Des rues sont devenues piétonnes, les murs ont inspiré les artistes et des aires de pique-nique sont nées. Les manifestations prodémocratie ont transformé le visage de Hong Kong et certains habitants aimeraient bien que ce soit pour toujours.
Les manifestants ne sont plus très nombreux à occuper la rue mais trois sites restent paralysés par les barricades, au grand dam des usagers des transports publics et de commerçants qui se plaignent de la chute vertigineuse de leur chiffre d’affaires.
La vie quotidienne reste perturbée par le mouvement qui a vu les Hongkongais descendre dans la rue par dizaines de milliers à partir du 28 septembre pour réclamer davantage de libertés démocratiques.
En plein centre de Hong Kong, dans le quartier d’Admiralty, le principal site d’occupation près du siège du pouvoir local, une autoroute urbaine de deux fois quatre voies reste libre de tout véhicule sur un kilomètre. D’ordinaire, les voitures y circulent pare-choc contre pare-choc dans cette ville industrieuse de sept millions d’habitants, réputée être un havre du capitalisme financier international.
Le nombre de protestataires ne dépasse guère 200 durant la journée, et la place est libre pour les cyclistes, joggeurs et employés de bureau qui y pique-niquent, profitant de l’absence de bruit et de gaz d’échappement.
– Créativité –
“Tout ça est très perturbant mais ça serait une bonne idée d’offrir plus de place aux piétons”, commente Lucy, qui travaille dans la mode. “La ville est devenue insupportable parce qu’elle est trop bondée”.
George Adams, un cycliste de 56 ans, en profite pour réclamer des pistes cyclables. “Il y a huit voies pour les voitures, rien pour les piétons, rien pour les vélos. C’est le signe de quelque chose non? Le fait que Hong Kong est dominé par l’argent, les nababs, les magnats des affaires”.
Des passants admirent les oeuvres d’art qui sont apparues spontanément sur les murs, comme “le mur de Lennon”, un escalier recouvert de notes de toutes les couleurs inscrites en soutien au mouvement. A deux pas de là se dresse “l’Homme au parapluie”, une immense statue de bois représentant un manifestant brandissant l’accessoire devenu l’emblème du mouvement.
“Tout ça est très artistique”, souligne Zoe Chao, une employée de bureau de 24 ans. “D’habitude, on n’a que des voitures et des bus. Là, on a des oeuvres d’art réalisées par des gens ordinaires.
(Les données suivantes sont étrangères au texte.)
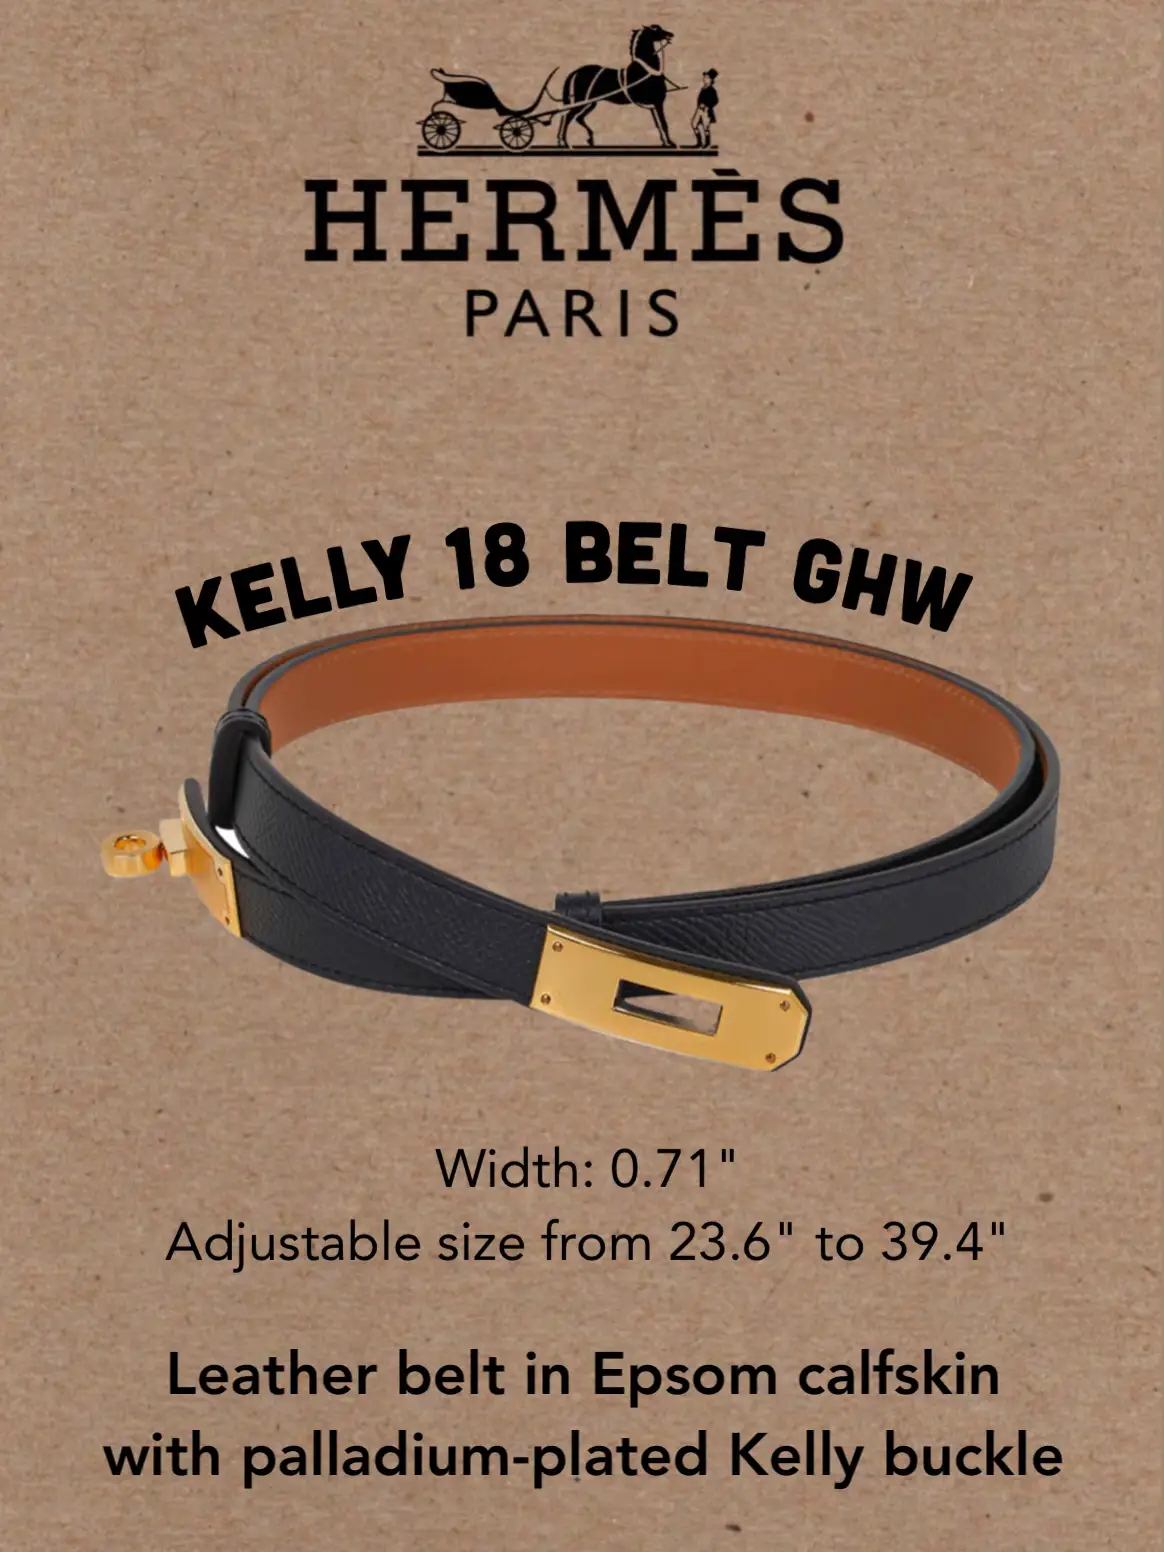 Kelly 18 belt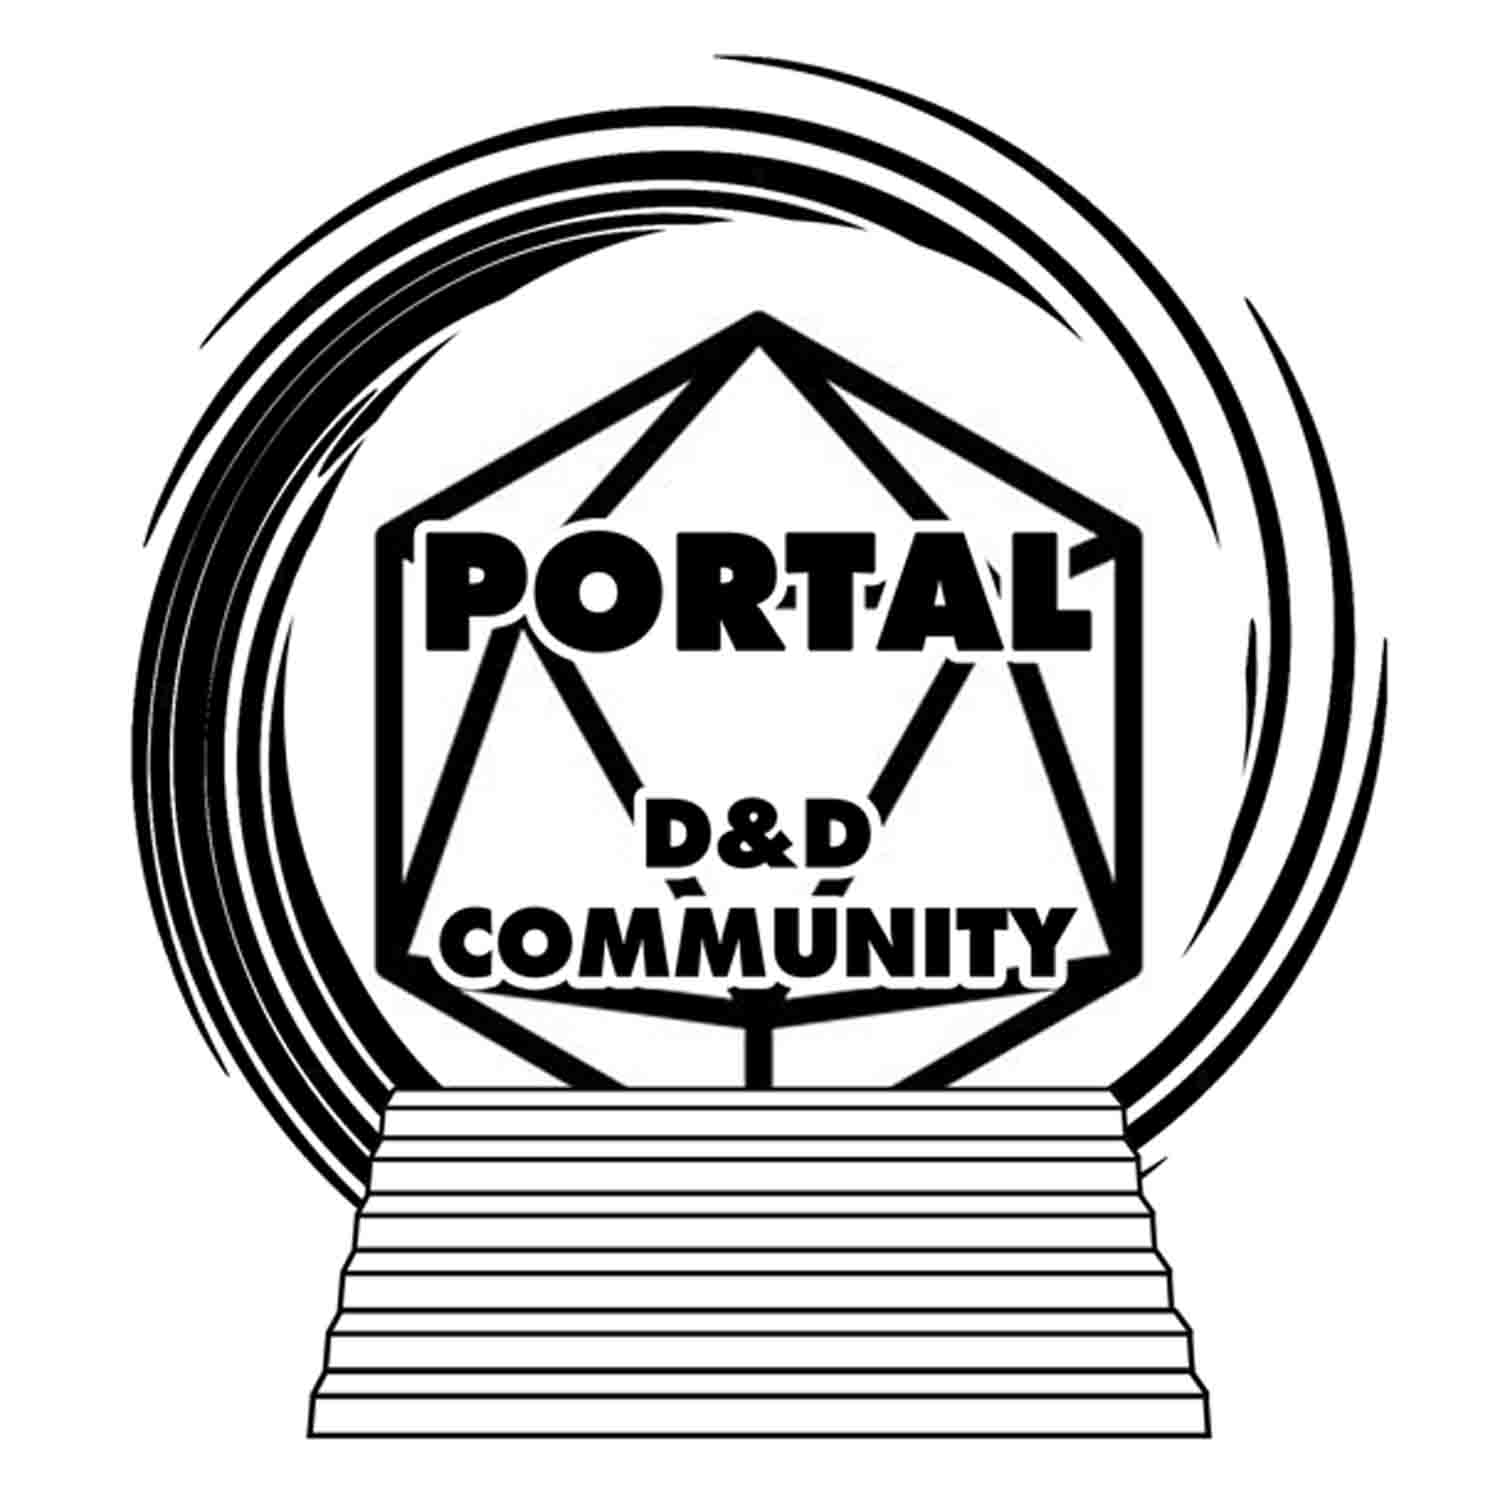 Portal D&D Community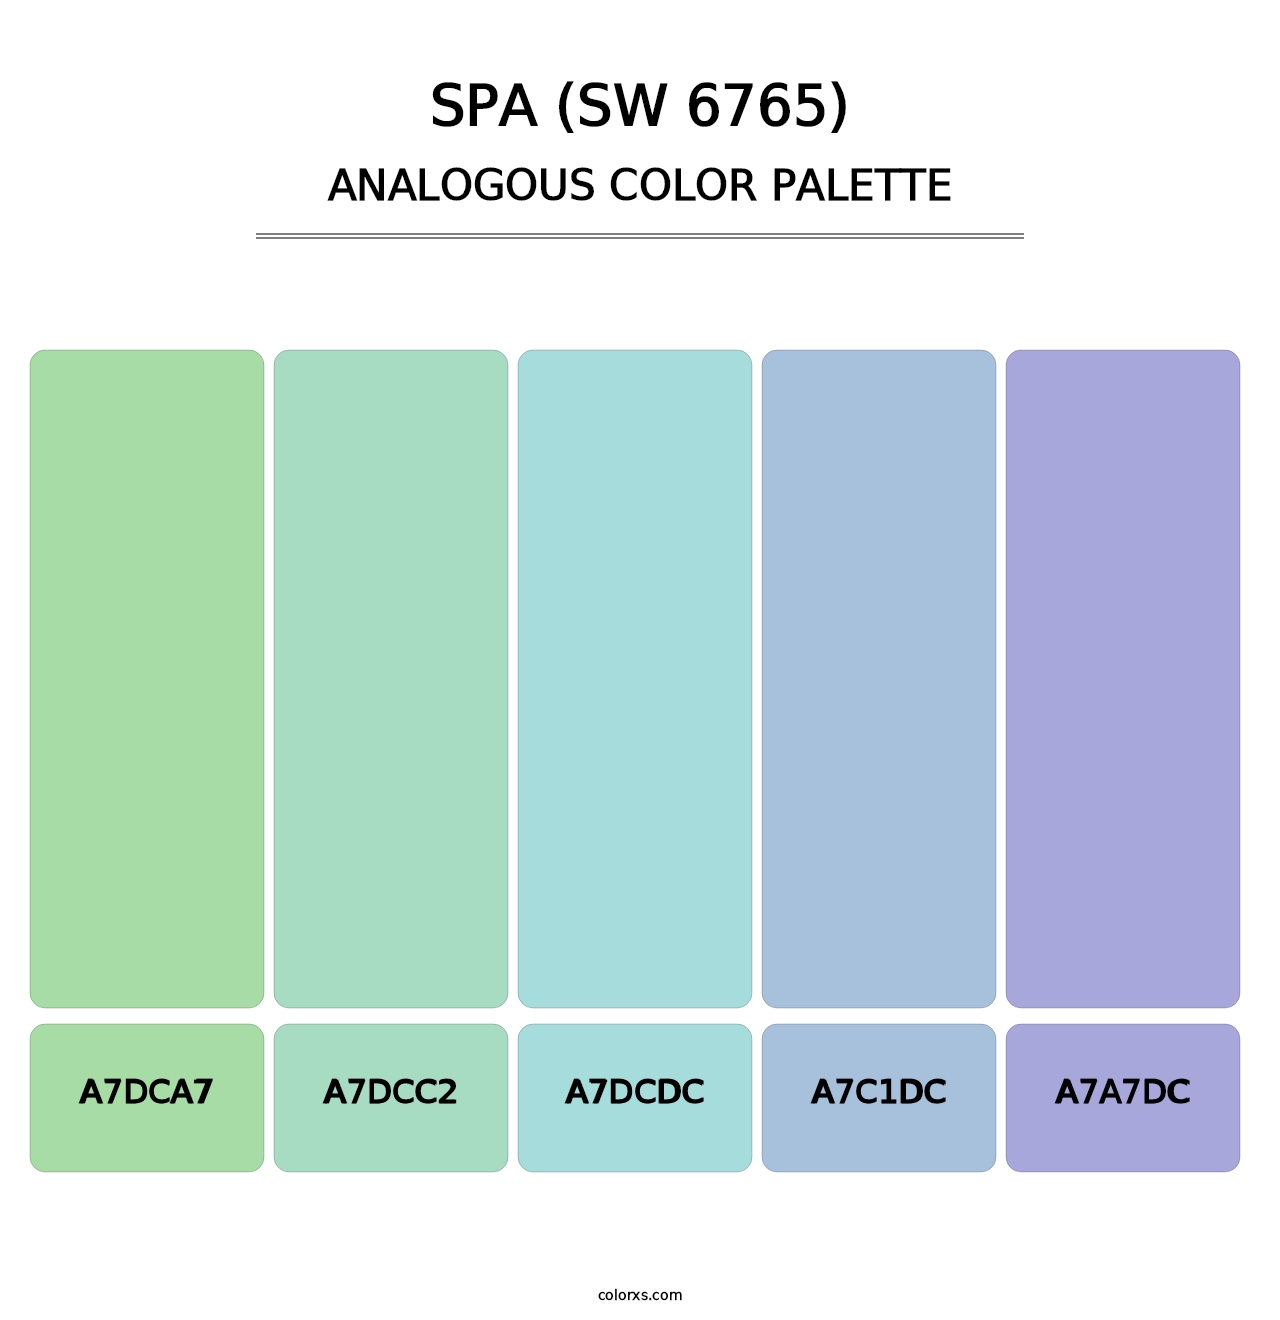 Spa (SW 6765) - Analogous Color Palette

C’est irréel”.
– Egoïstes ou éclairés? –
Les associations de défense de l’environnement se réjouissent de l’amélioration de la qualité de l’air. “La création de zones piétonnes et de pistes cyclables devrait être prévue dès l’étape de la conception de nouveaux projets”, dit Edwin Lau, des Amis de la terre. “Les trois piliers du développement durable sont l’économique, le social et l’environnemental mais les gens ne regardent que le profit”.
Bon nombre d’habitants se plaignent de la poursuite de l’occupation, qui perturbe la circulation et suscite des embouteillages monstres.
“Les étudiants sont incroyablement égoïstes de manifester dans des endroits publics”, dit par exemple Peter Bentley, un retraité qui vit à Hong Kong depuis 30 ans.
Mais les plus jeunes font valoir qu’ils luttent pour un art de vivre différent dans une ville où le sens des valeurs communautaires a volé en éclats au cours dernières décennies.
“Hong Kong est trop pressée. Là, on a eu 10 jours pour s’arrêter et prendre le temps de réfléchir à l’avenir”, explique Cheng Chung-tai, manifestant et professeur de sociologie. “Je pense que c’est vraiment l’occasion pour le peuple de Hong Kong de rechercher son propre mode de vie”.